# Civic Matters > Suburban & Other OK Communities > Midwest City/Del City >  Jim's Famous Fried Chicken

## stick47

(They say the food is as good as ever after the extensive remodel) 

*Jim's Famous Fried Chicken*

The wait is over! We are proud to announce that Jim's Famous Chicken is now open for business! Come on in and give us a try! We are so thankful for your patience and continued patience as we bring you the World's Best Fried Chicken!!! We will be open Monday - Saturday 10:45-9:00 pm. Hope to see you all soon.

10811 NE 23rd St
Nicoma Park, Oklahoma
(405) 769-4412

----------


## ctchandler

> (They say the food is as good as ever after the extensive remodel) 
> 
> *Jim's Famous Fried Chicken*
> 
> The wait is over! We are proud to announce that Jim's Famous Chicken is now open for business! Come on in and give us a try! We are so thankful for your patience and continued patience as we bring you the World's Best Fried Chicken!!! We will be open Monday - Saturday 10:45-9:00 pm. Hope to see you all soon.
> 
> 10811 NE 23rd St
> Nicoma Park, Oklahoma
> (405) 769-4412


I'm moving to Midwest City and I saw that your were open yesterday.  I'm looking forward to visiting you when I get in town.
C. T.

----------


## Head

Congratulations!

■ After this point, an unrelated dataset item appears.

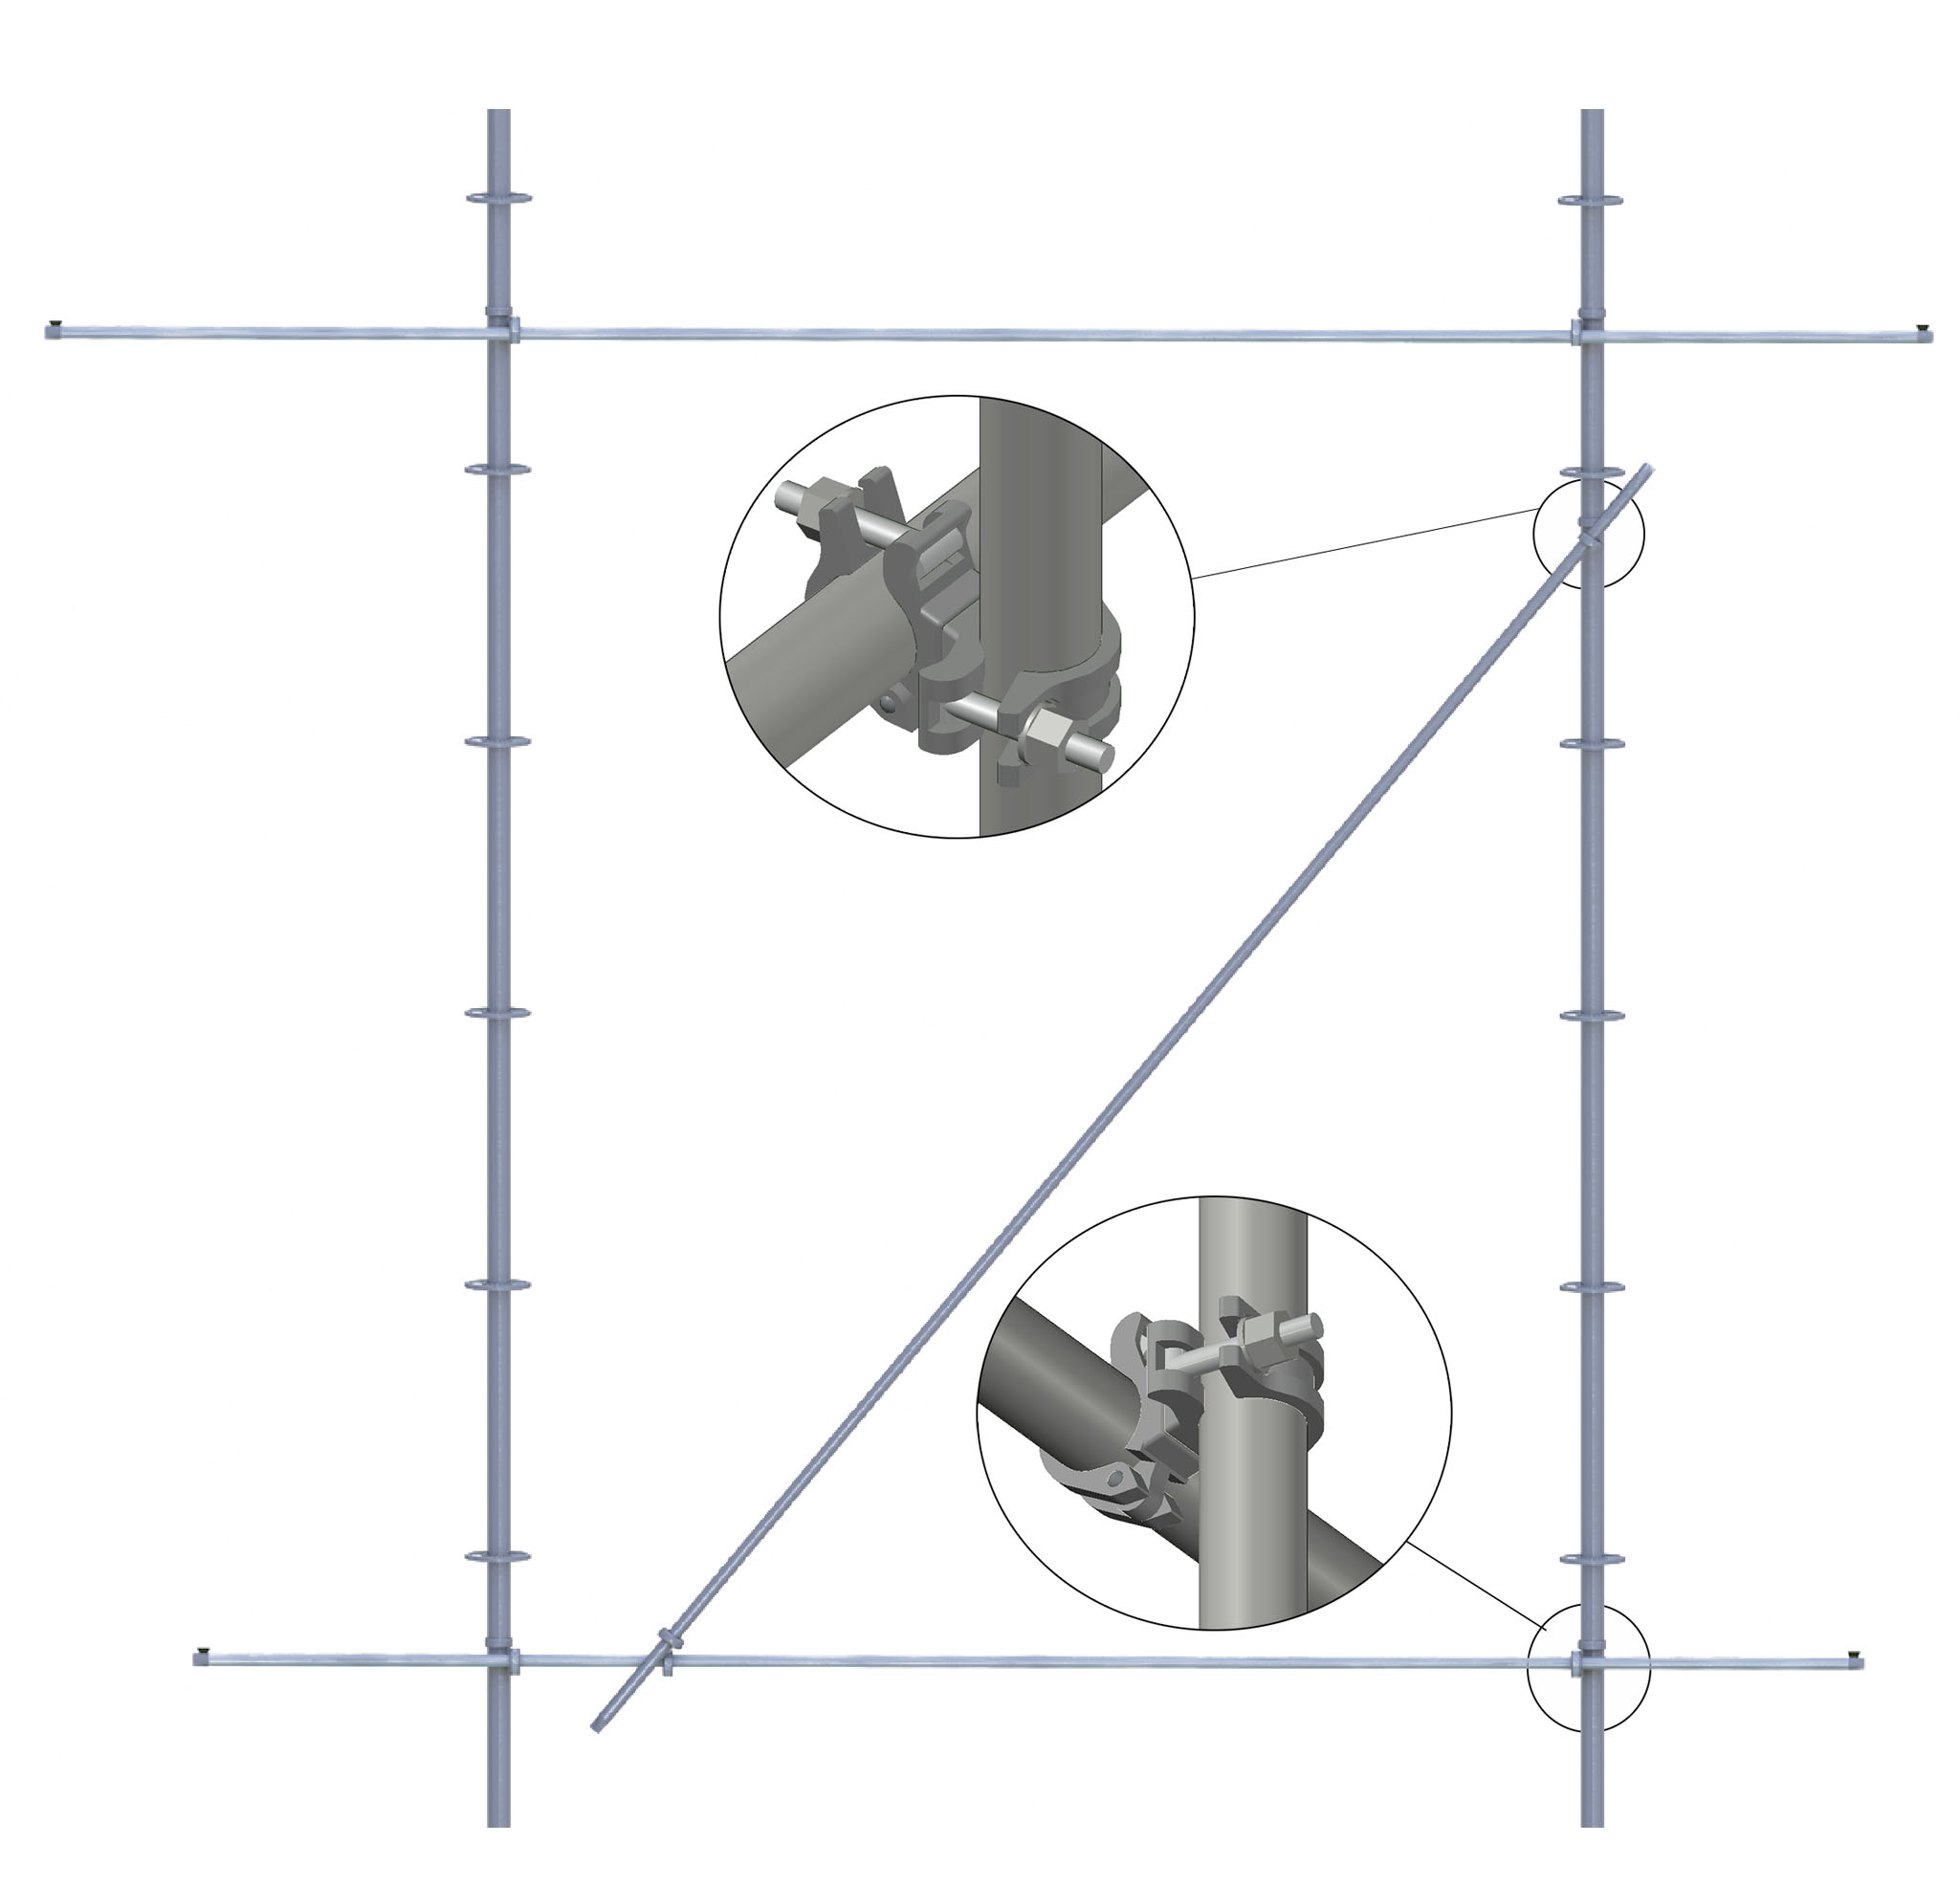 Универсальный размер трубы в ø48мм, позволяет в любых точках соединять элементы между собой одним видом хомутов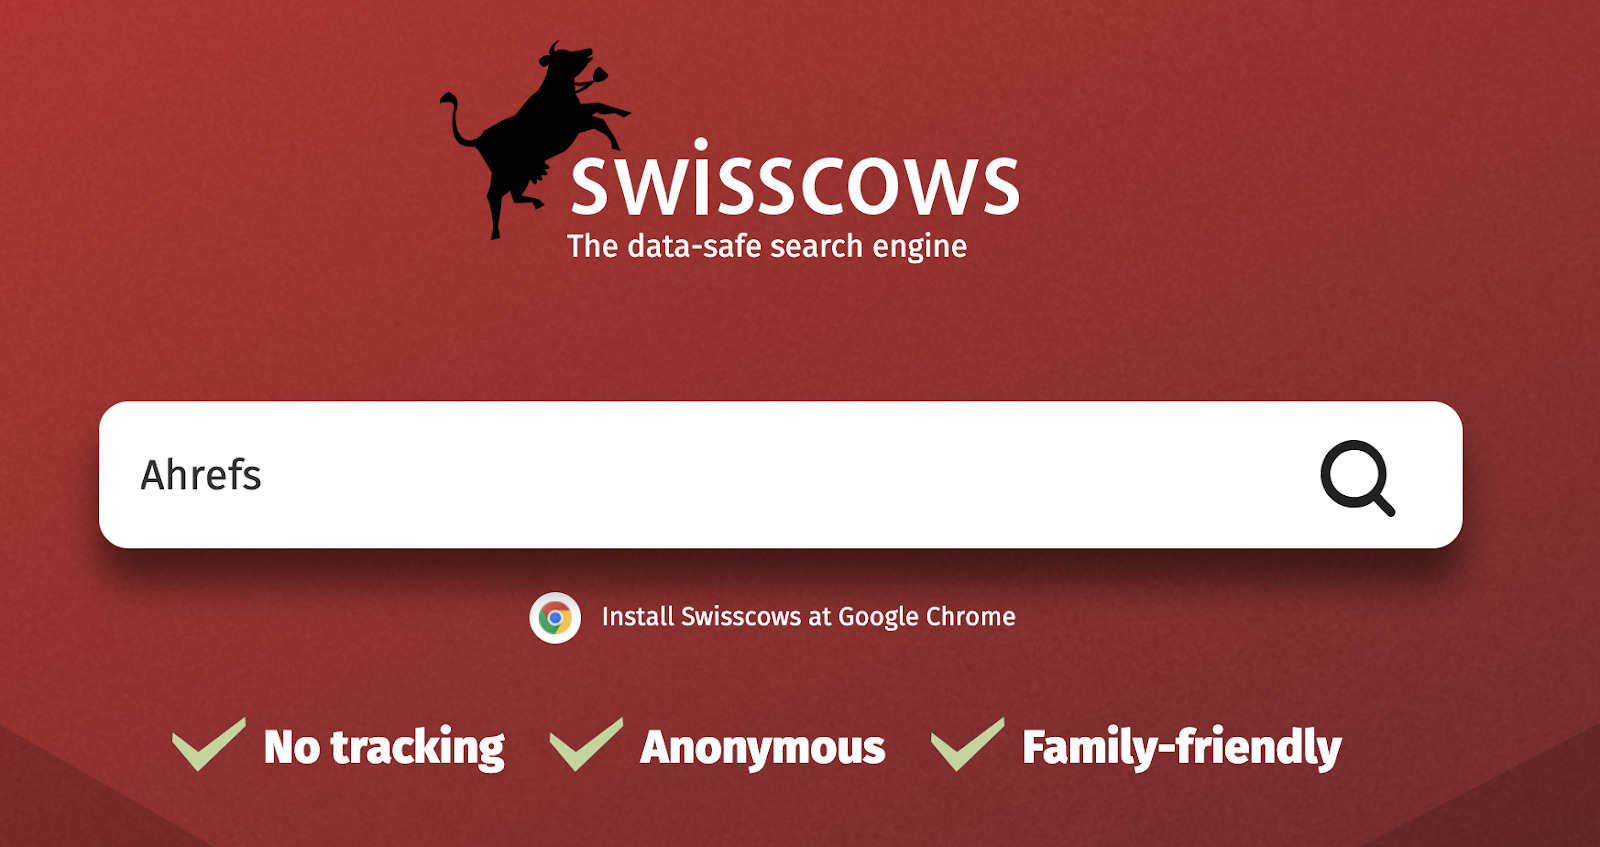 Домашняя страница Swisscows. Поисковый запрос «Ahrefs» в текстовом поле

That's quite a "remodel" job. You guys must be grateful to back to work. We'll come see you soon.

----------


## ctchandler

Today's DOK reported the following.
C. T.

"NICOMA PARK EATERY REOPENS
   NICOMA PARK — Jim’s Famous Chicken, a Nicoma Park fixture for more than 40 years, has been taken over by the Oklahoma City-based Swadley’s Bar-B-Q family of restaurants. Jim’s celebrated the reopening of the restaurant, 10811 NE 23 under the Swadley’s ownership with a ribbon cutting Wednesday. Swadley’s has stores in Bethany, El Reno, south Oklahoma City, Quail Springs and Mustang. The Swadley’s and Jim’s restaurants and BBQ Sauces are members of the Made in Oklahoma Coalition. The newly remodeled Jim’s features more family seating, more menu items and a drive thru. A second Jim’s location in south Oklahoma City is projected to open this spring."

----------


## Martin

reno work for jim's has started in the old swadley's location at sw 89th & western.  -M

----------


## Martin

jim's on sw 89th & western opened for business on friday 3/6... the place looked absolutely packed today. -M

----------


## Jeepnokc

> jim's on sw 89th & western opened for business on friday 3/6... the place looked absolutely packed today. -M


I didn't realize that they were putting one down in my neck of the woods.   Will have to go  looking for it.  I went on a few dates with his daughter back in the day and that is when I got my first taste of his chicken.

----------


## Mel

Uh,,, nm.

----------


## UnclePete

Is the Jim's in Nicoma Park actually in Shady Nook?

----------


## stick47

I could only qualify that by referring to who gets the sales taxes and since Shady Nook isn't an incorporated township, the answer to your question is, no, Jims Famous Fried Chicken is in Nicoma Park, OK.

----------